In fact, the appeal of the "charming serial killer" can be found on another Netflix acquisition, You. After a quiet debut on Lifetime, the show — starring Penn Badgley as a problematic stalker, murderer, and love interest — has become a streaming hit on social media since debuting on the service in late December. There are a number of theories over the years to explain the appeal of a forbidden crush on murderers or why the public is so fascinated by serial killers. If anything, Bundy’s case renewed the public’s curiosity in mass murderers like himself and gave a new twist to the old story of a killer on the loose: his so-called good looks, normalcy, and intelligence. The media coverage at the time so often remarked on Bundy’s apparent "charm," that the legend has overshadowed the facts of his case.
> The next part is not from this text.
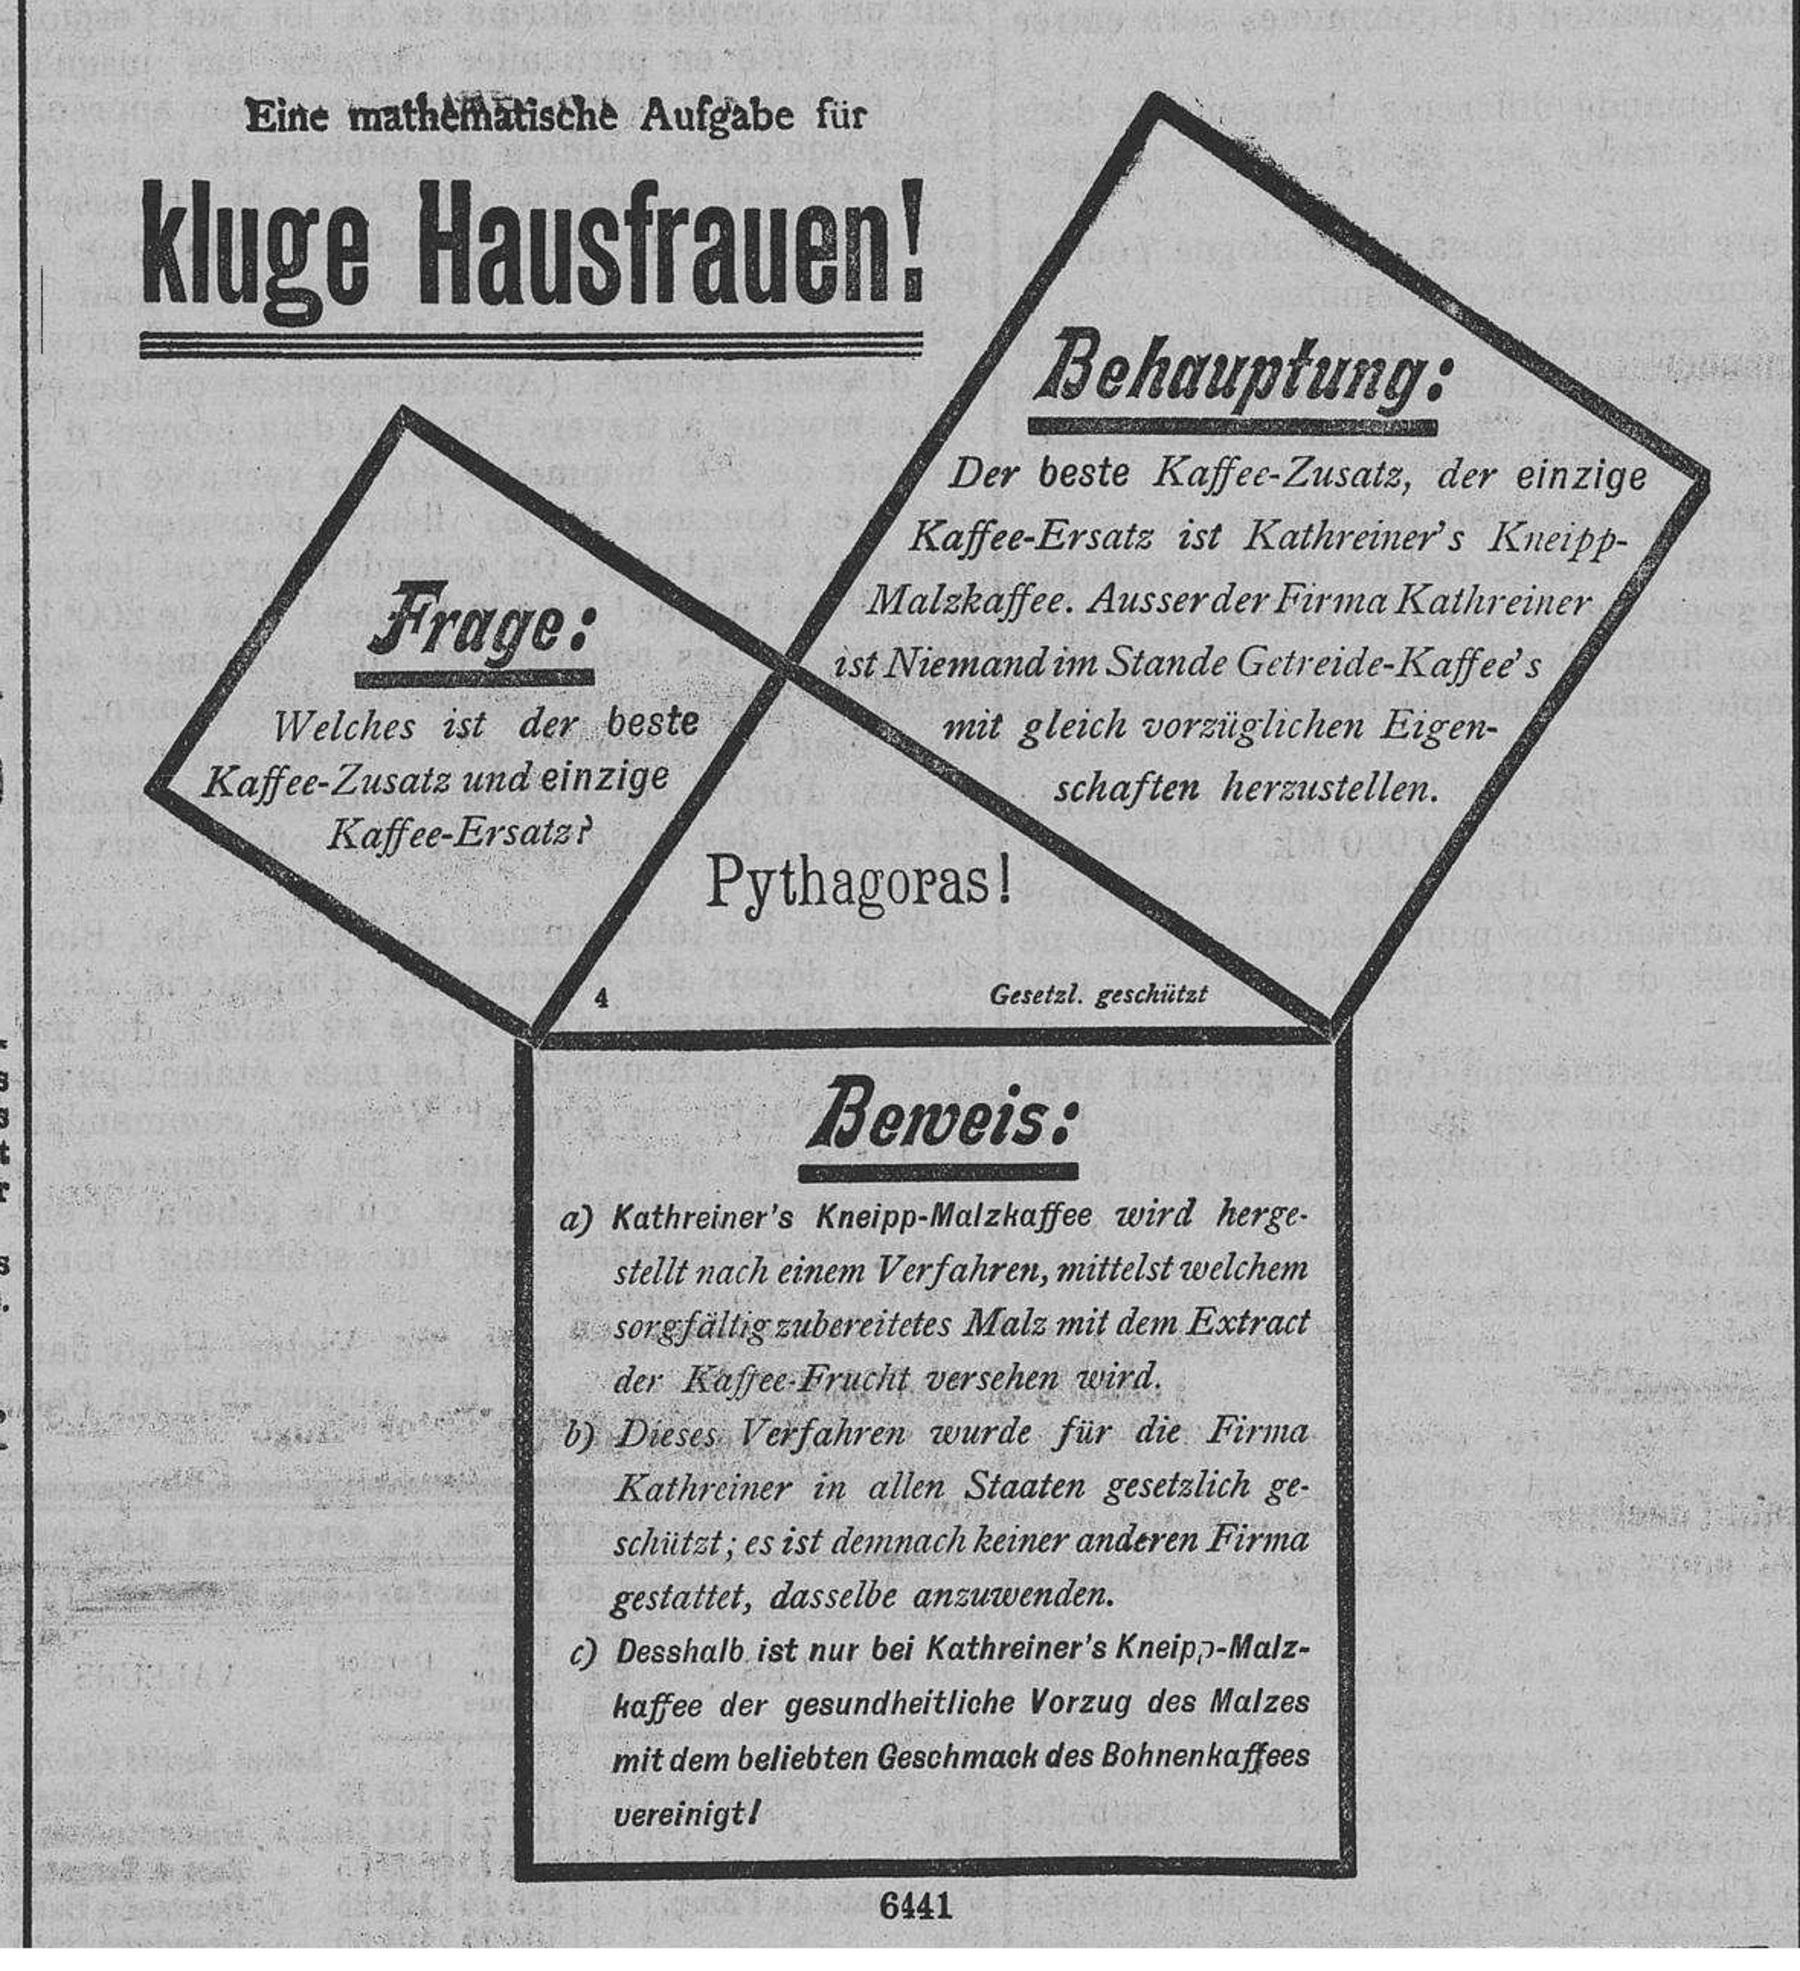 Contenu du Kluge Hausfrauen !
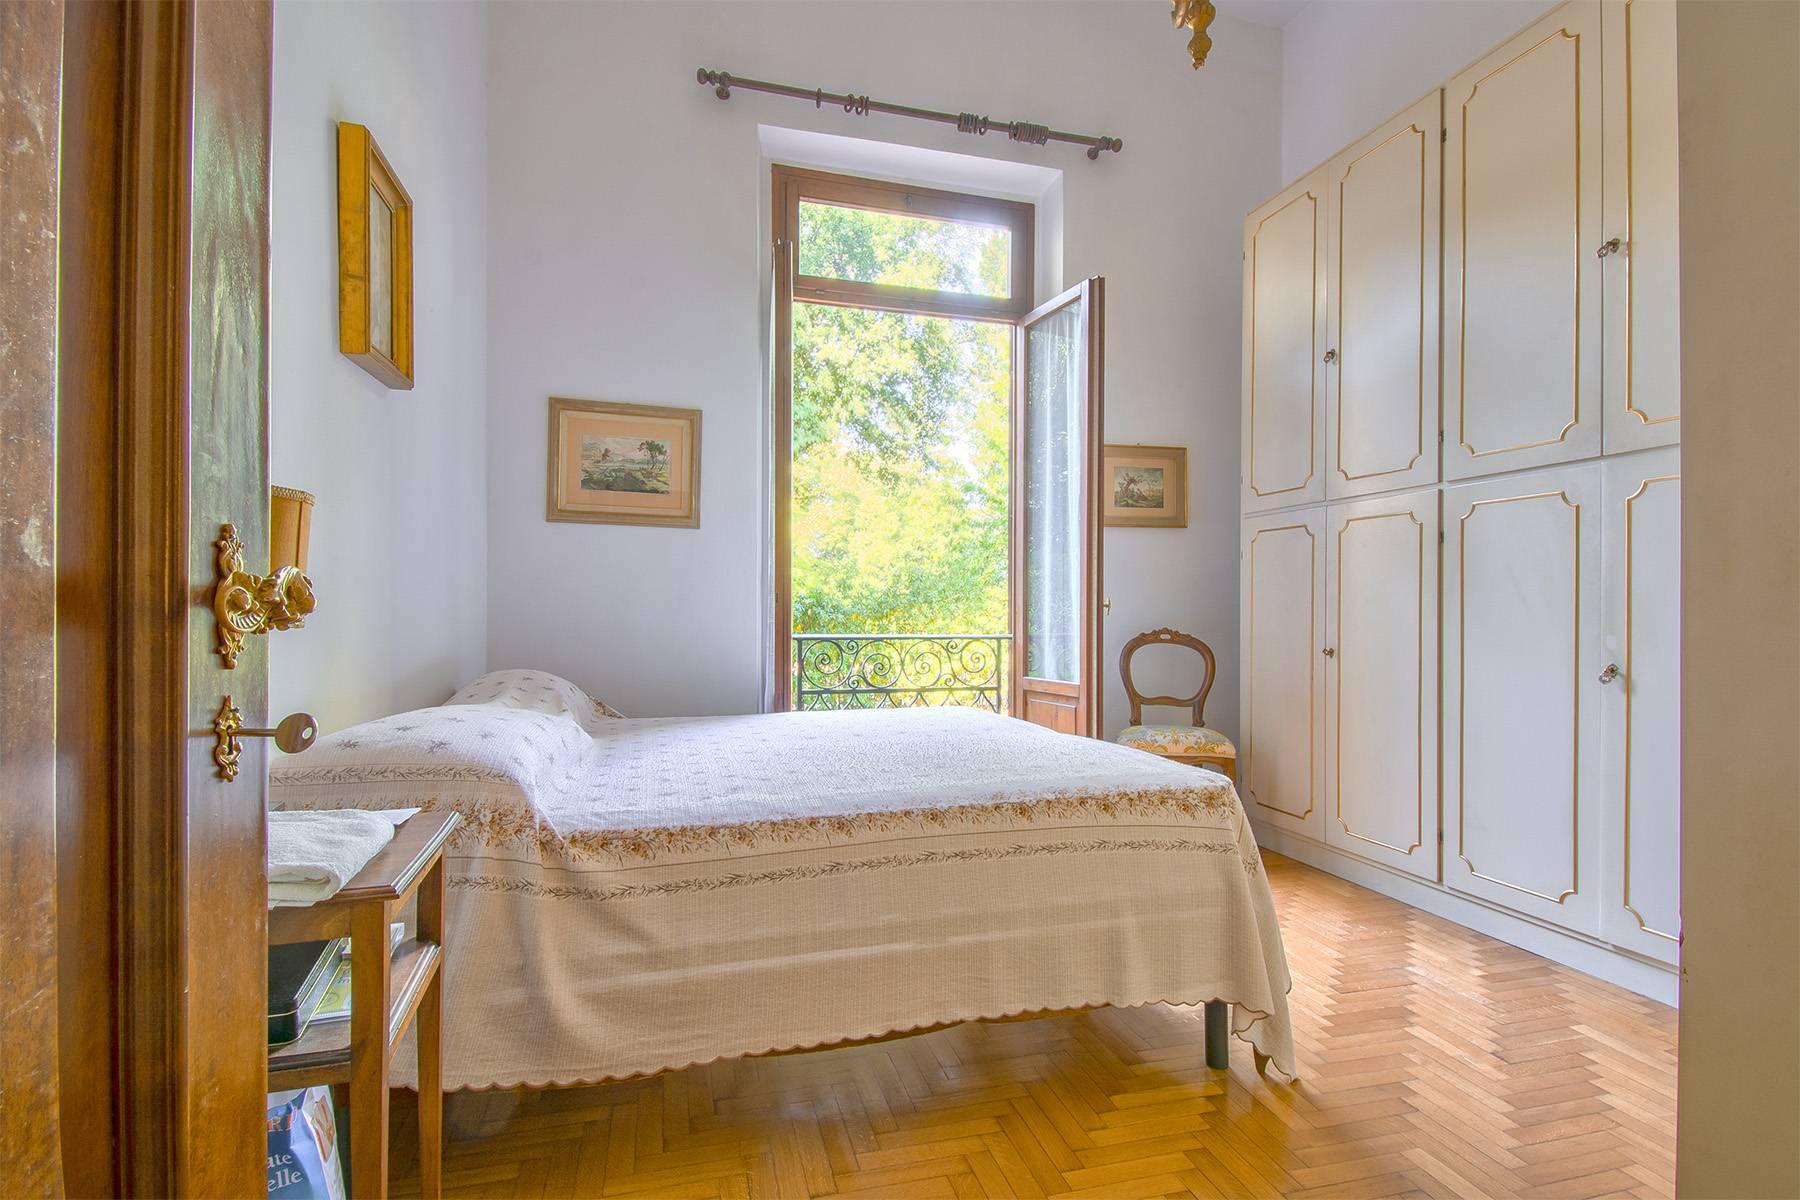 Exquisite apartment in a historic villa - 16

Likewise, Extremely Wicked's humanization of Bundy makes him seem like less of a monster despite his monstrous crimes.

Because Extremely Wicked tells Bundy’s saga from the perspective of his long term relationship, the details about his victims are hidden from Kloepfer and the audience for most of the movie. It isn’t until Florida’s case against Bundy that viewers get a better look at his less flattering side, which includes ghastly details about the terrible murders of two young Florida State University students and his attack on several of their sorority sisters while they slept.

Berlinger insists that Extremely Wicked does not glamorize Bundy’s actions, but the way the movie tries to understand Bundy’s double life with Kloepfer makes his character morally ambiguous until the end. And though it could be argued that omitting his actions means the movie doesn’t sexualize the violence against Bundy's victims, putting his crimes aside for so long also allows the audience to see him first as a charming stranger before his darker impulses are revealed.

Right before the credits, Extremely Wicked tries to recenter the attention on Bundy's known victims, as the 30 names appear on-screen in silence. Yet the scope of his damage against Kloepfer and the countless other women he terrorized is never given a chance to register the same way.